Cricket, scribe and analyst – Mahinda Wijesinghe has come out with his first attempt at hard cover presentation with his book, At the High Table. This book covers the Lankan cricket history since it joined the rest of the High Table Gang – England, Australia, West Indies, India, New Zealand, and Pakistan in 1982. Since they supported the re-admittance of South Africa and were partners in welcoming Bangladesh and Zimbabwe to the club.

The former Royal College and Bloomfield left arm spinner Wijesinghe talks about the Lankan achievements in the broader spectrum of cricket from 1982 to 2007.
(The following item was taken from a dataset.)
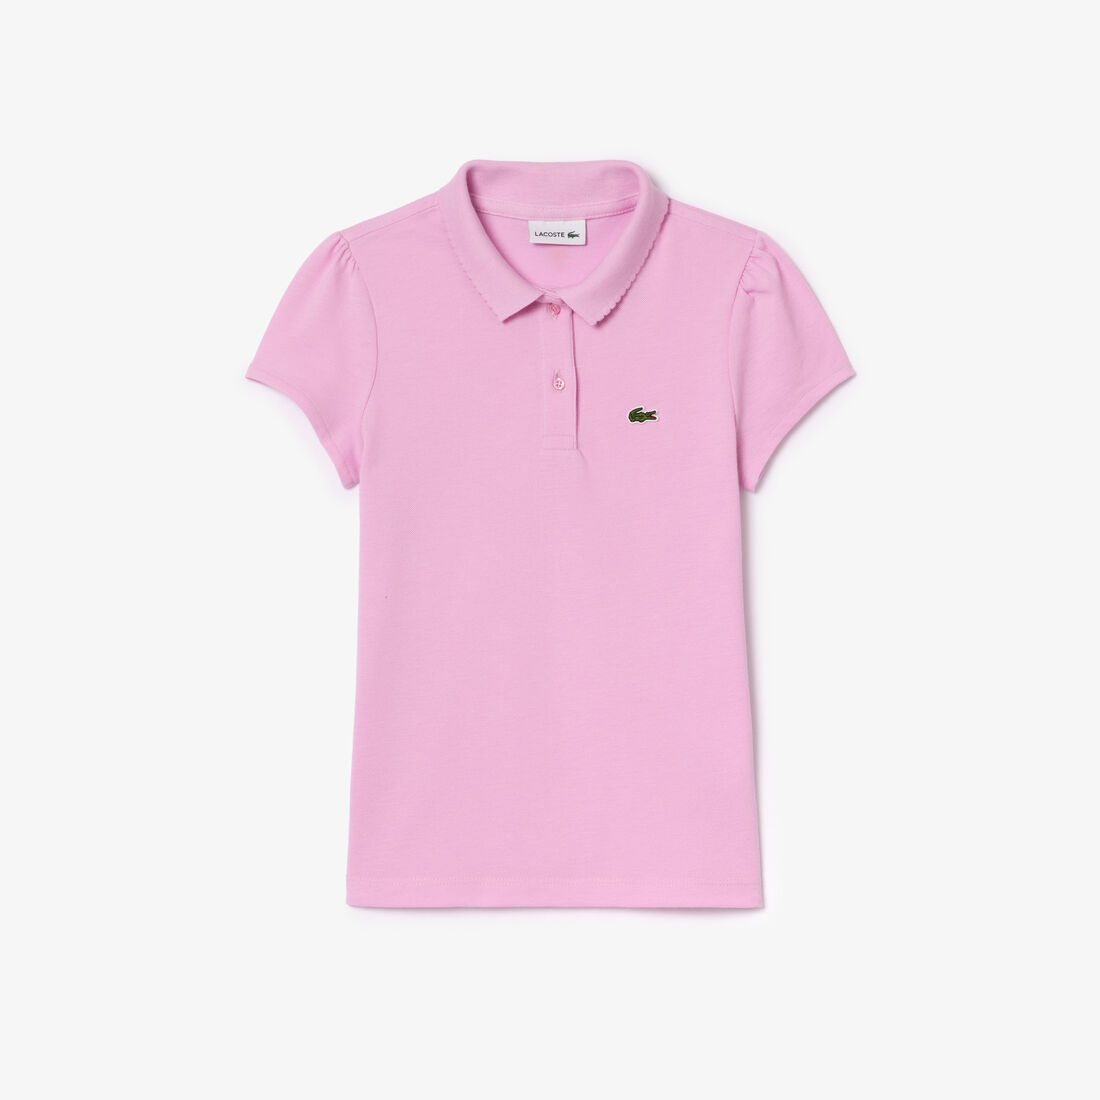 Girls' Lacoste Scalloped Collar Mini Pique Polo Shirt - PJ3594-00-IXV

In his book one of Mahinda’s main arguments goes on to state -- For a nation that has been in the international scene for a mere 25 years the number of records and achievements by Sri Lanka’s players are, to say the least, remarkable and unmatched by any other Test-playing nation during a like period. New Zealand, for instance, took 26 years to win their first Test (Sri Lanka had won 50 Test matches in a like period), India dawdled for almost 20 years, while South Africa registered their first win after 17 years, whereas Sri Lanka won her first Test 3 years after playing the inaugural Test, and 11 years later silenced all detractors by winning the World Cup in the most convincing manner of all time also becoming semi-finalists in 2003 and runner-up in 2007, losing on both occasions to eventual champions, Australia.
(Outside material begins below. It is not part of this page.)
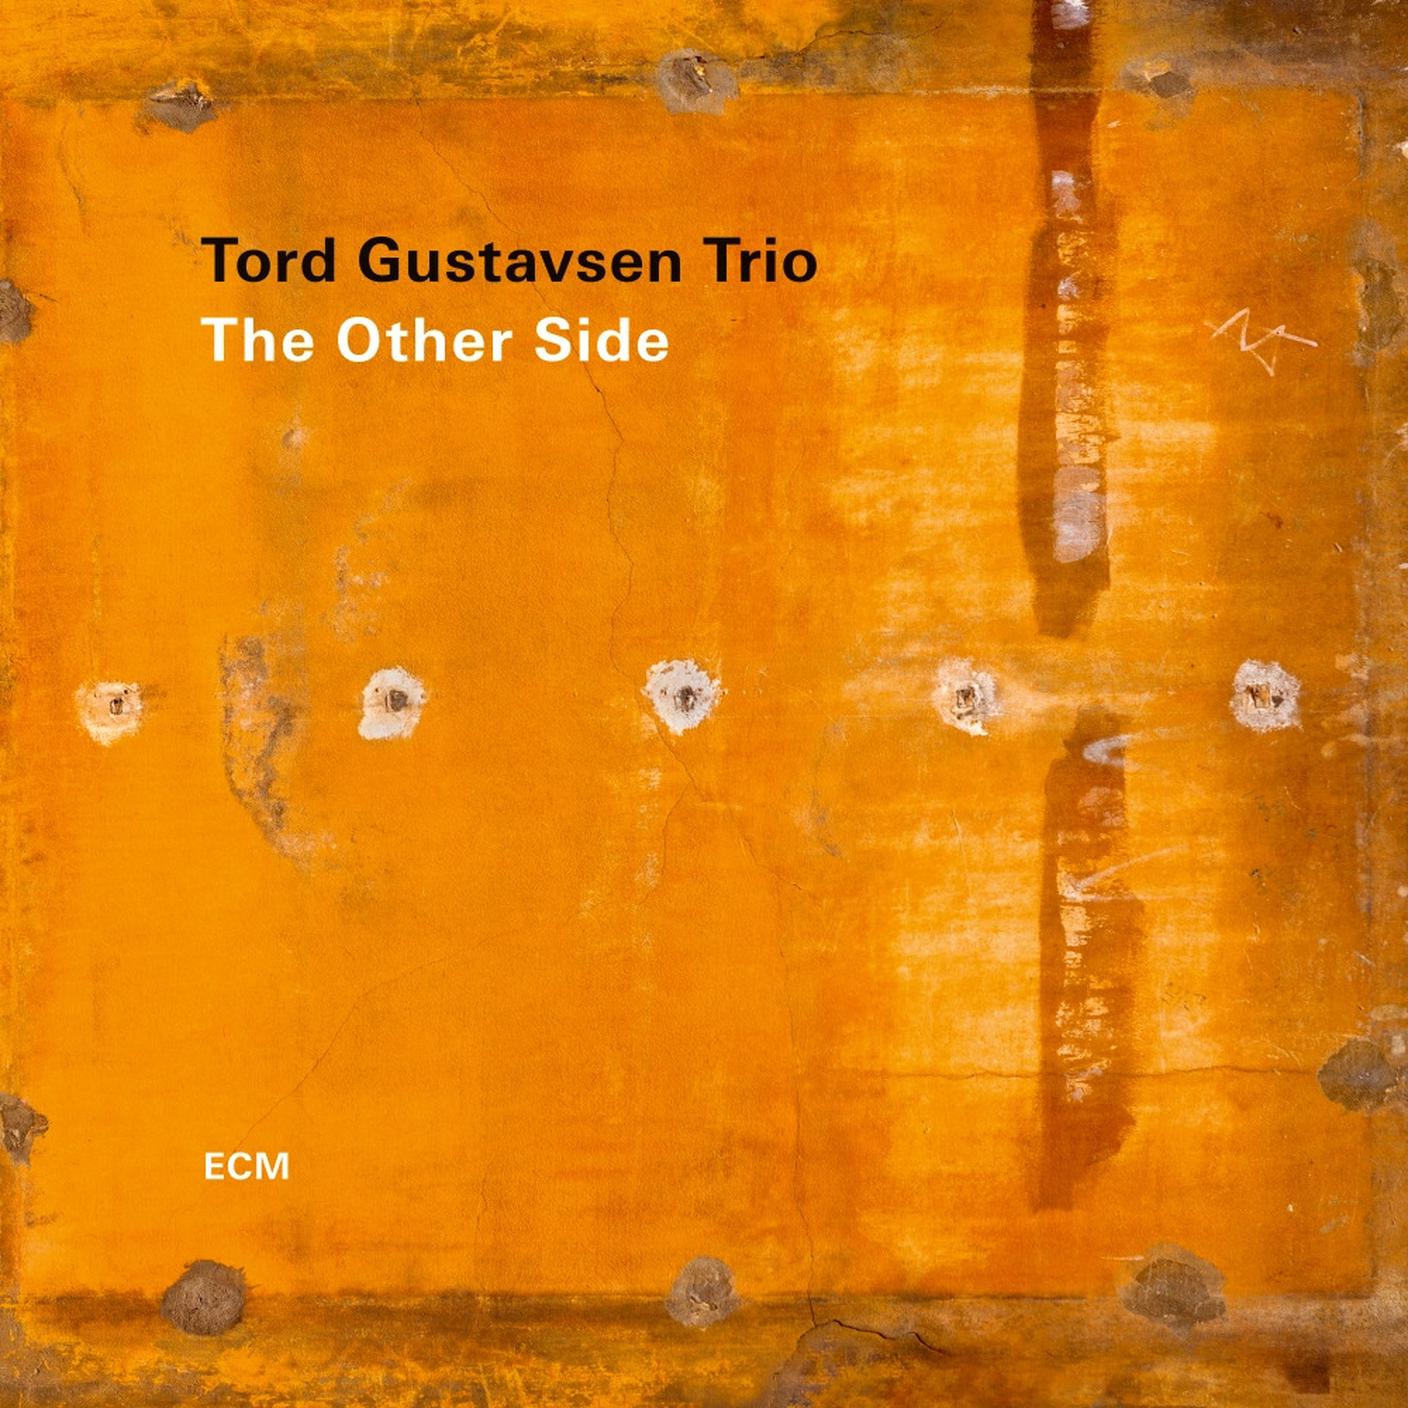 “The Other Side” di Tord Gustavsen Trio, ECM (dettaglio di copertina)

Currently, Sri Lanka has the unique distinction of simultaneously holding records for the highest total in all forms of international cricket, namely Tests (952/6 decl., against India at the R. Premadasa Stadium in Colombo in 1997-98), ODI’s (443/9, against the Netherlands at Amstelveen in 2006) and in Twenty20 (260/6, against Kenya at Johannesburg in 2007-08); all of this within a mere 25 years of having first dipped her toes in the waters of the highly competitive international arena. Interestingly, Sanath

Jayasuriya top scored on all three occasions – 340 in the Test match, and 157 during the ODI, making it a hat-trick by pummelling 88 in the Twenty20 World Cup encounter. This is not all. Four different Sri Lankan batsmen have established two of the first three partnership records – and they are highest and the second highest partnerships to boot – in Test cricket. Australia is another nation that shares two records in this regard but then Bradman was involved in both of them! In a recent article by Englishman Tim de Lisle, leading cricket historian and editor Wisden Almanack (2003), assessed the overall strengths of all Test-playing nations by combing their current rankings in all three forms of the game, and found that Australia, as expected, was No.1 in the world, while Sri Lanka slotted in at No. 3. Establishing not less than 5 international records in the first-ever Twenty20 World Cup staged in 2007 must be ranked as a remarkable achievement as well.

At the same time you also can learn about his escapades with the ICC on the Third Umpire Concept, Webbing in Wicket-keeper’s gloves and the weight discrepancy which occurred in the junior cricket ball when the weight of the ball was converted from ounces to grams.

Besides this, the 123 page glossy informative effort contains some of his articles that he has contributed to various journals locally and internationally through the years.

I feel it is a must for a collector of cricket information or for that matter to all cricket lovers at large.
The book will be launched at the BMICH on Tuesday the 30th of September.